In our preliminary experiments we genetically silenced a selected population of Drd1a-Cre neurons across the entire cerebral cortex and observed the behaviour of these Snap25 cKO mice. This manipulation did not influence circadian rhythms or locomotor activity when mice were exposed to a novel environment. However, it led to a strong reduction in anxiety-like behaviour, as measured in three different behavioural tasks. This suggests that some of the Drd1a-Cre neurons may act as a key component in the cortex for regulating emotional behaviours. We shall examine i) functional connectivity between orexin neurons and their cortical targets, ii) physiological responses of Ctgf-/Drd1a-Cre neurons to stress and arousal, and how this is modulated by orexin, and ii) involvement of these cells in anxiety and fear learning. The selective manipulation of these circuits presents unique therapeutic avenues for the intervention against anxiety, while not influencing autonomous functions. Our proposed experiments will dissect key components, cell type and gender differences of these circuits and shall test the molecular mechanisms that could be exploited in therapy.

Stress exacerbates many psychiatric conditions and repeated stress contributes to the pathogenesis of mental health disorders. Orexinergic neurons are highly reactive to stress and regulate many physiological processes altered in stress-related mental illness, including sleep/wake patterns, appetite and cognition. They project widely across the CNS, including hypothalamus, thalamus, brain stem, and cerebral cortex. The projections to other hypothalamic neurons and subcortical centres are important for modulating arousal, appetite and endocrine activity. The roles of projections to cortical circuits are poorly understood. They may be involved in regulating cortical arousal and cognitive responses.

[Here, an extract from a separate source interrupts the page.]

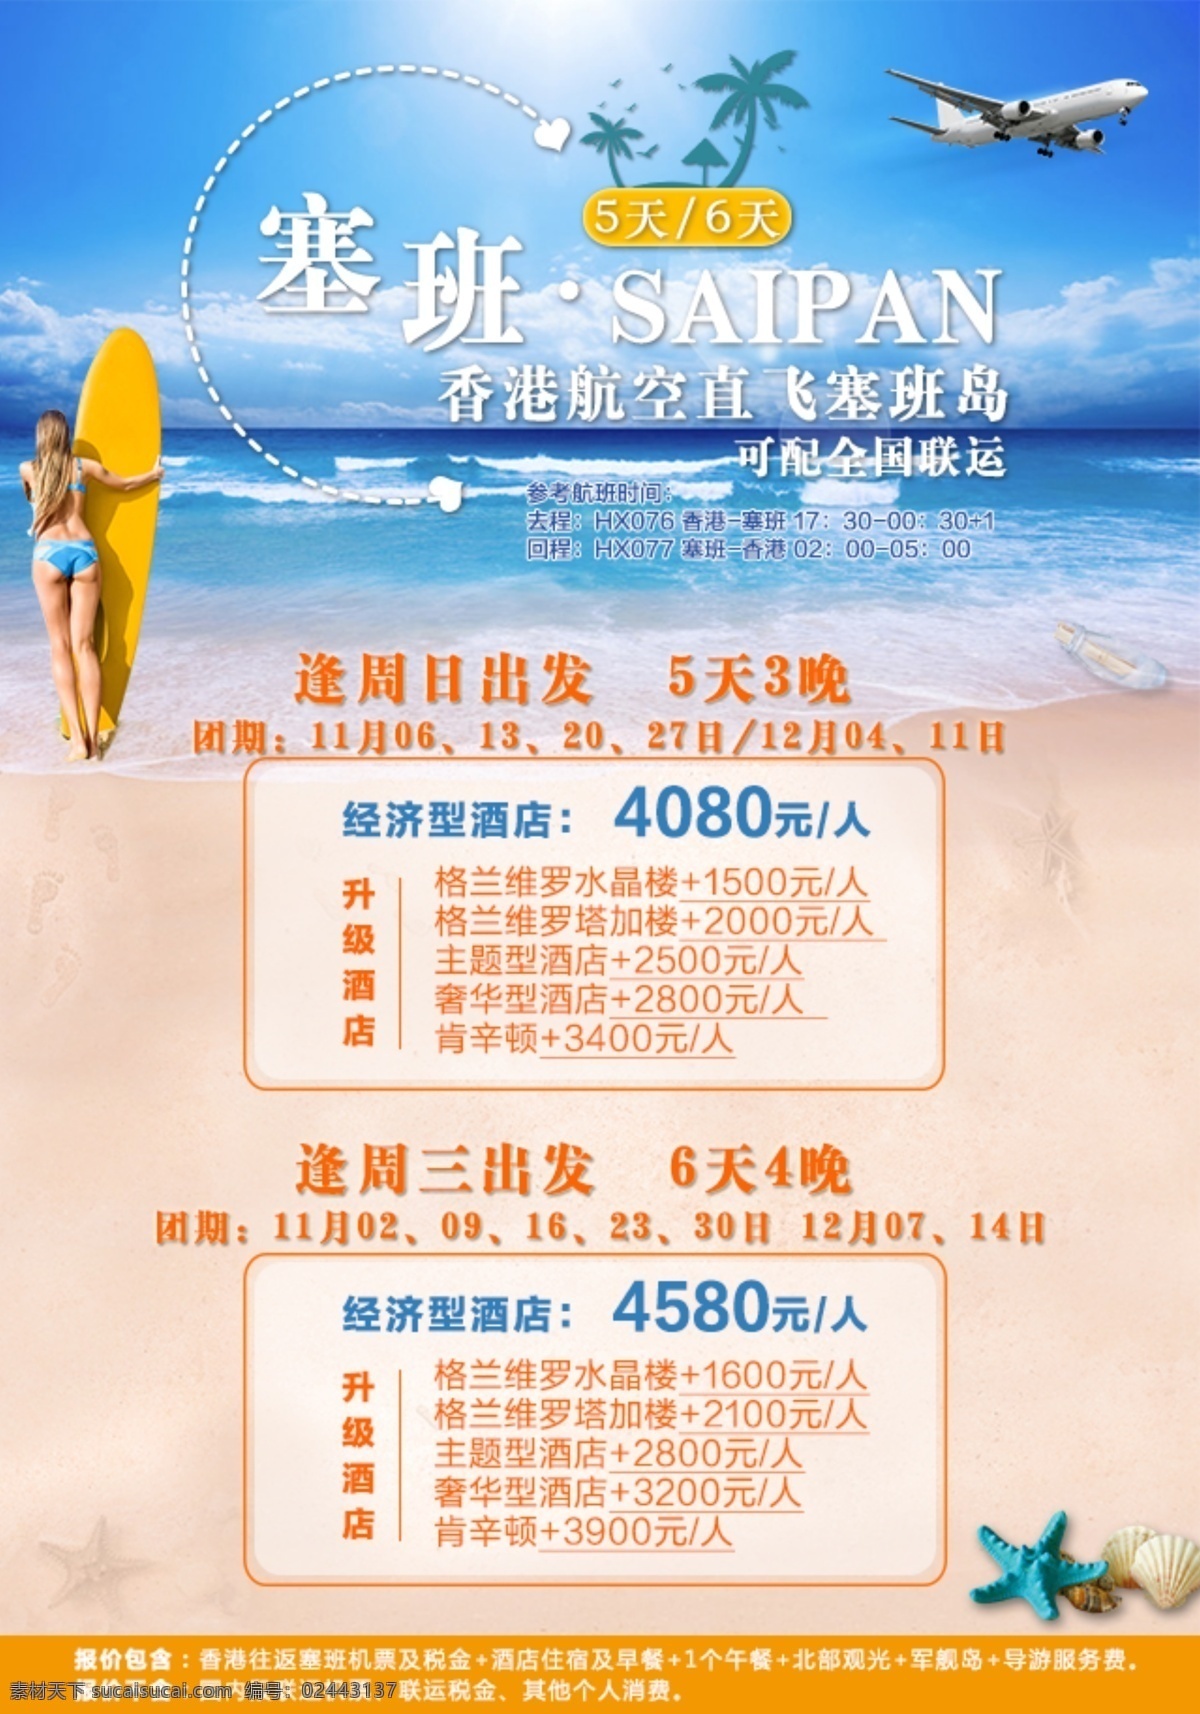 塞班 旅游团 期 计划 海岛 旅游 微信 广告

We build on our expertise in cortical layer 6b (L6b) neurons, the only orexin sensitive cells in sensory cortex. We demonstrated that the Drd1a-Cre+ subgroup of L6b neurons selectively target higher order thalamic nuclei. 'Silencing' these neurons by Cre-mediated Snap25 cKO did not influence locomotor or circadian activity, but it reduced anxiety-like behaviour in the elevated plus maze and light-dark box (distinct from Rbp-4Cre neurons, Krone et al., 2021). This suggests Drd1a-Cre neurons regulate emotional behaviours as an orexin-gated cortico-thalamo-cortical circuit, most likely involving prefrontal cortex.

Here, we aim to resolve the functional connectivity between orexinergic neurons and cortical circuits including their inputs to Drd1a-Cre/Ctgf-Cre+ cortical cells, using optogenetics and calcium imaging ex vivo. Next, we will use high-density Neuropixel arrays to determine the involvement of orexin-sensitive cortical cells in sex specific responses to stress and arousal. Finally, we determine how silencing these neurons affects sex differences in anxiety-related behaviours. Our experiments will dissect key components, cell-type and gender differences of these circuits, and shall pave the way to identify molecular mechanisms that could be exploited in therapy.